» Collected data:
####
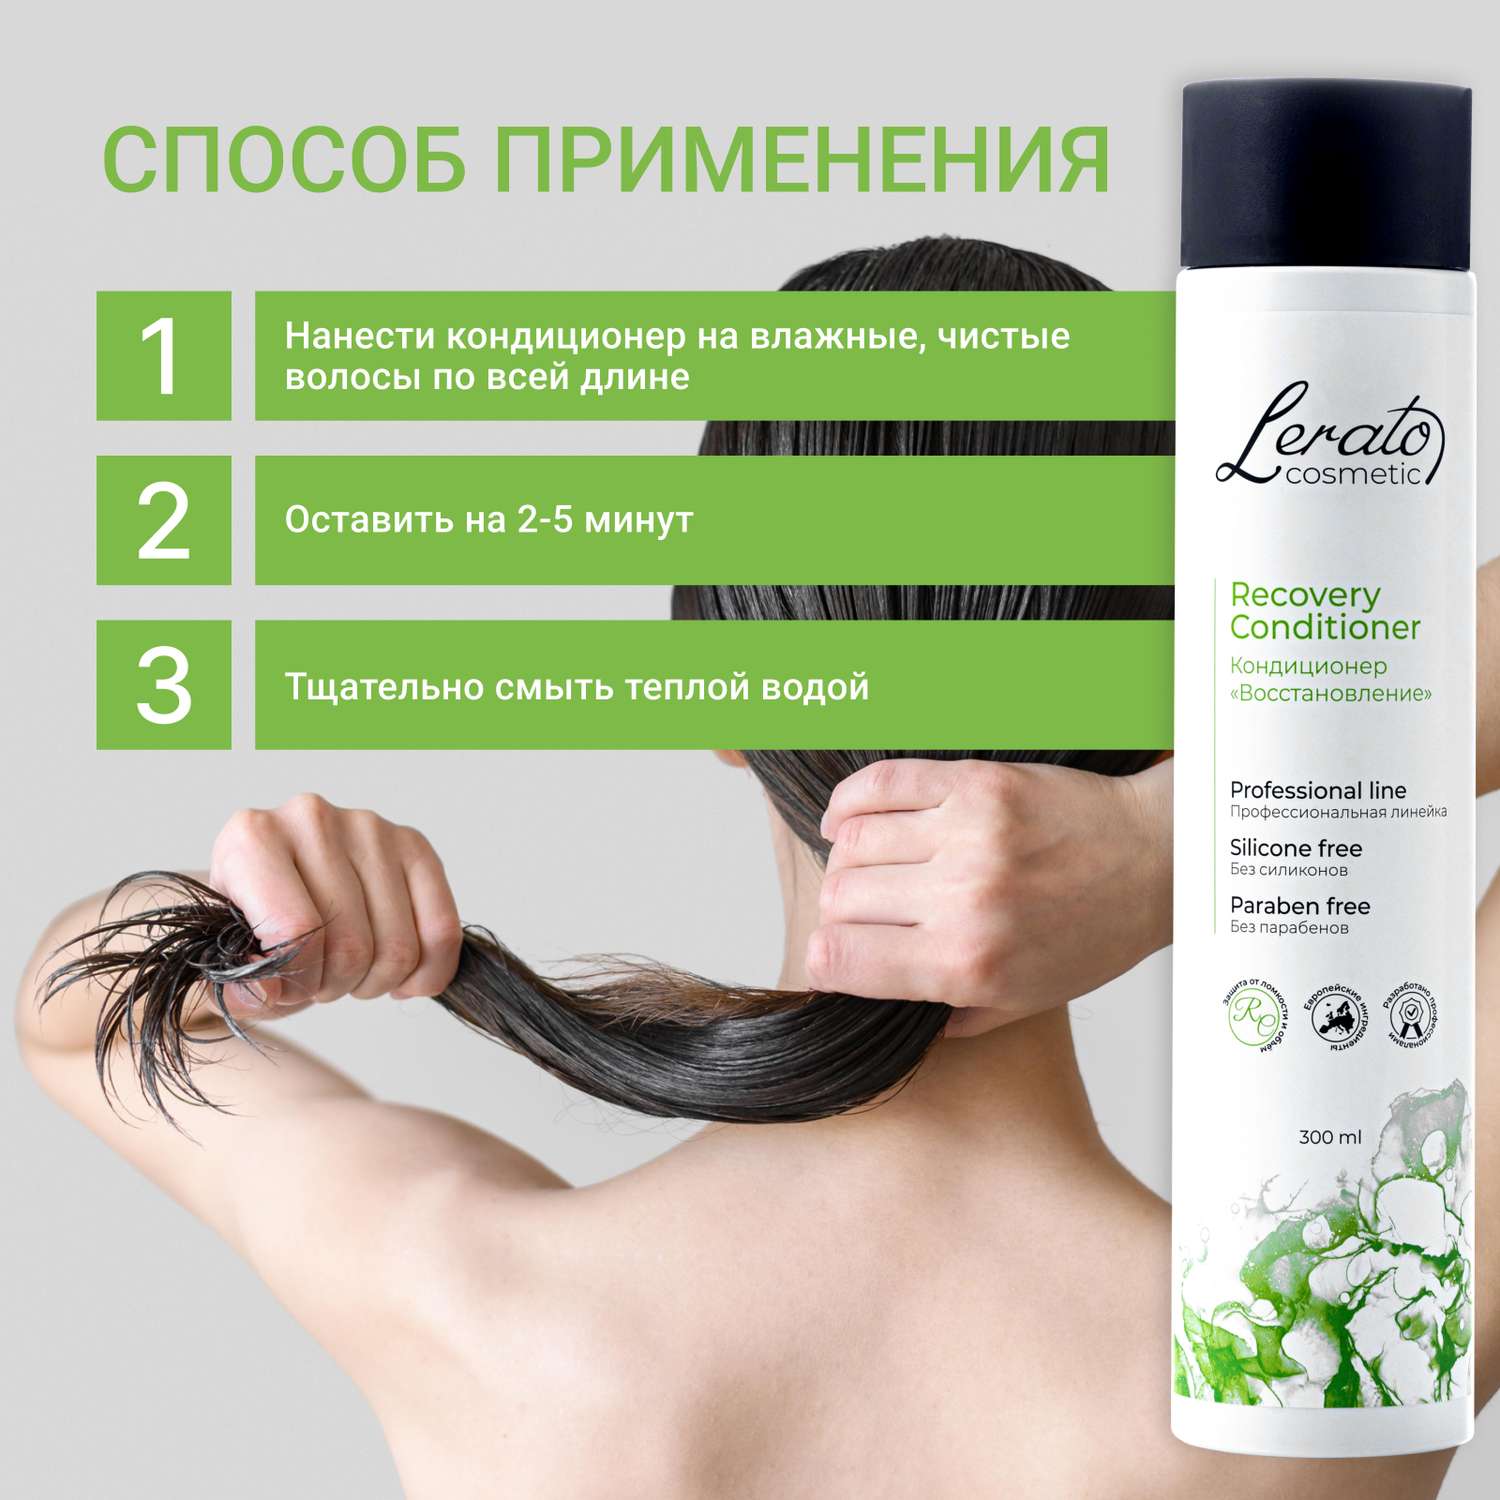 Кондиционер женский Lerato Cosmetic бальзам для восстановления поврежденных и склонных к выпадению волос 300 мл - фото 5
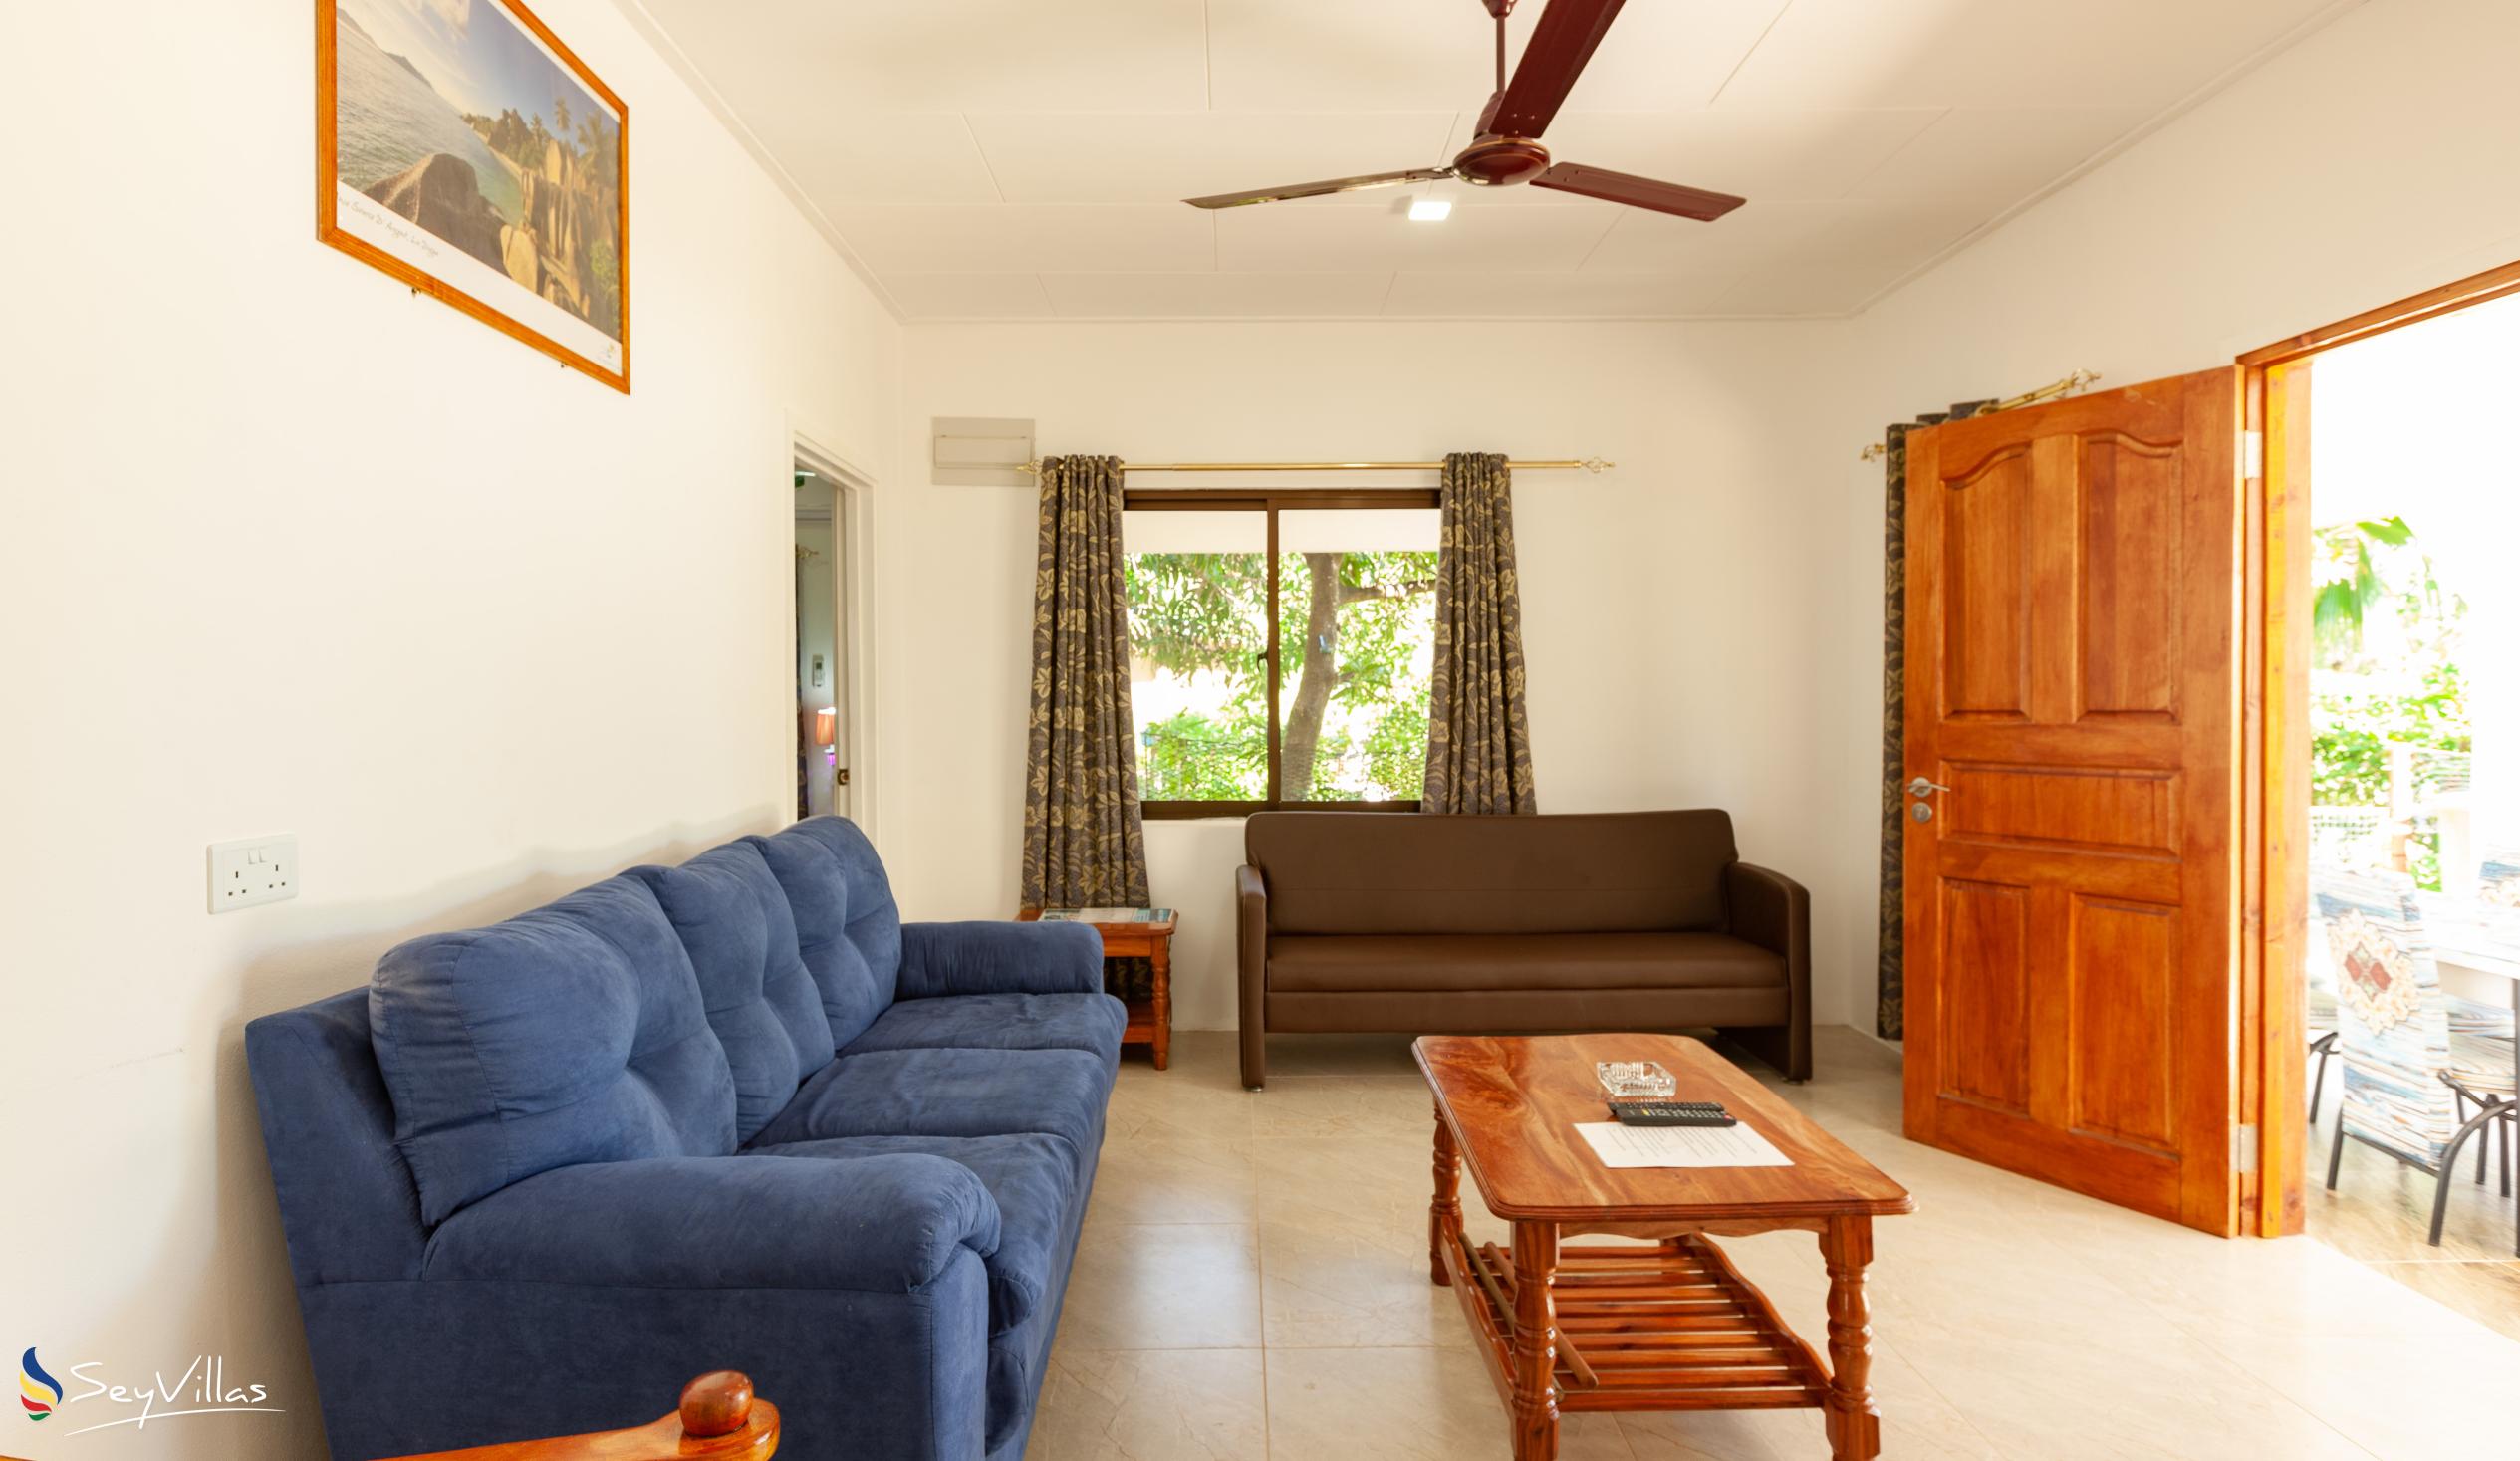 Foto 44: Anse Grosse Roche Beach Villa - Appartamento Familiare con 2 camere da letto - La Digue (Seychelles)
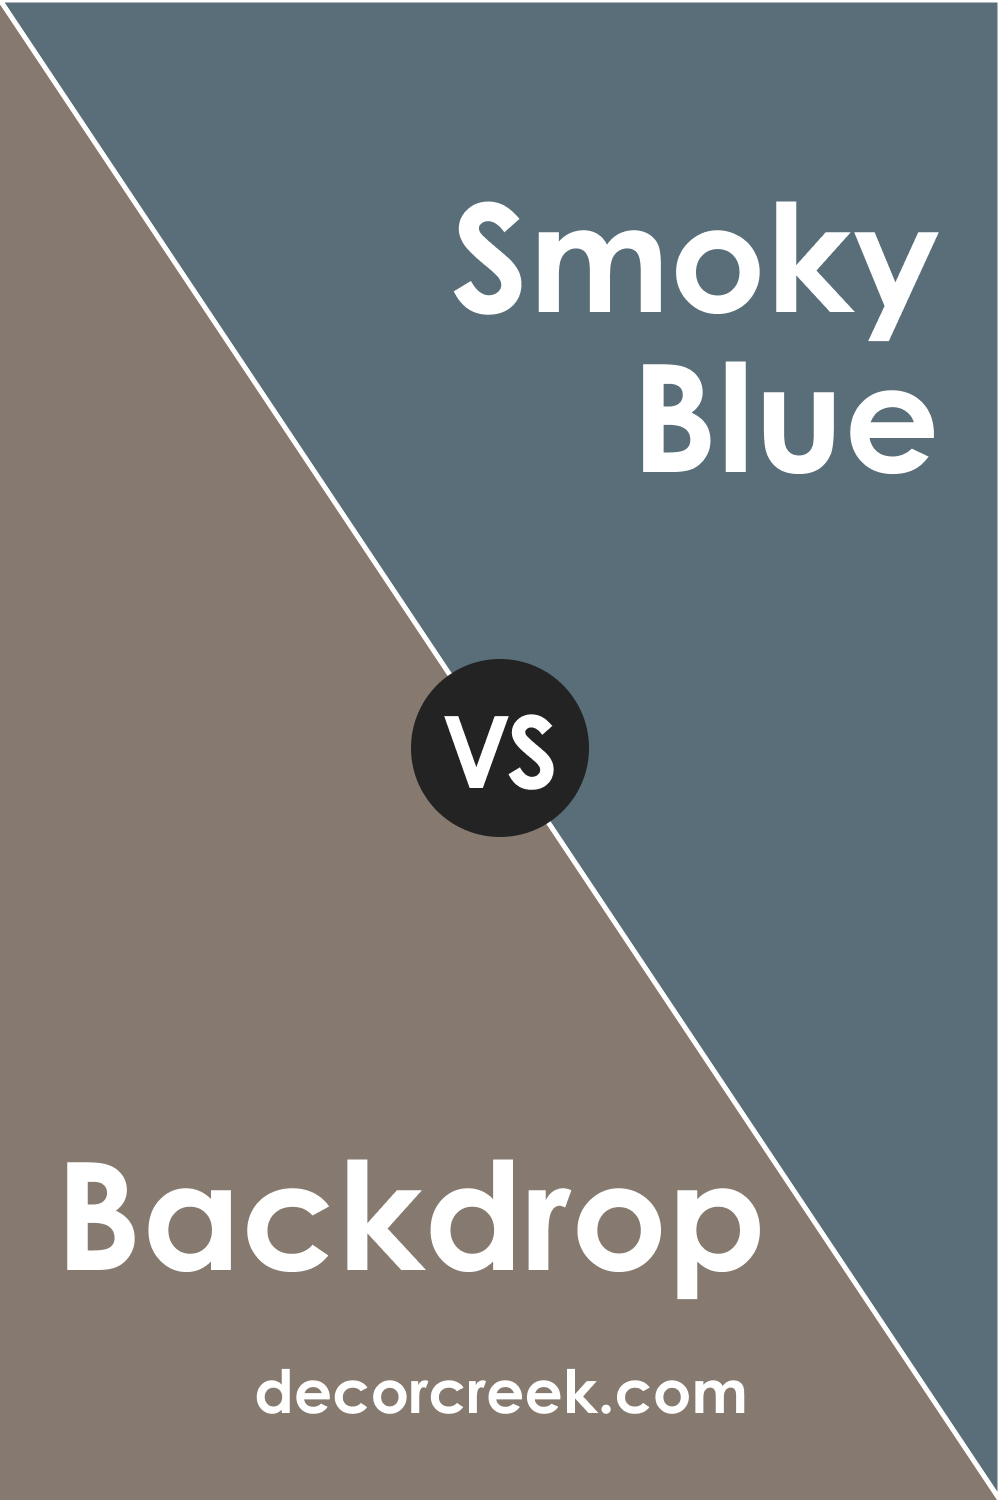 SW 7025 Backdrop vs. SW 7604 Smoky Blue
####
Restate the material above exactly. Exclude all pictures.

» Exercise output:
 Кондиционер женский Lerato Cosmetic бальзам для восстановления поврежденных и склонных к выпадению волос 300 мл - фото 5
 Foto 44: Anse Grosse Roche Beach Villa - Appartamento Familiare con 2 camere da letto - La Digue (Seychelles)
 SW 7025 Backdrop vs. SW 7604 Smoky Blue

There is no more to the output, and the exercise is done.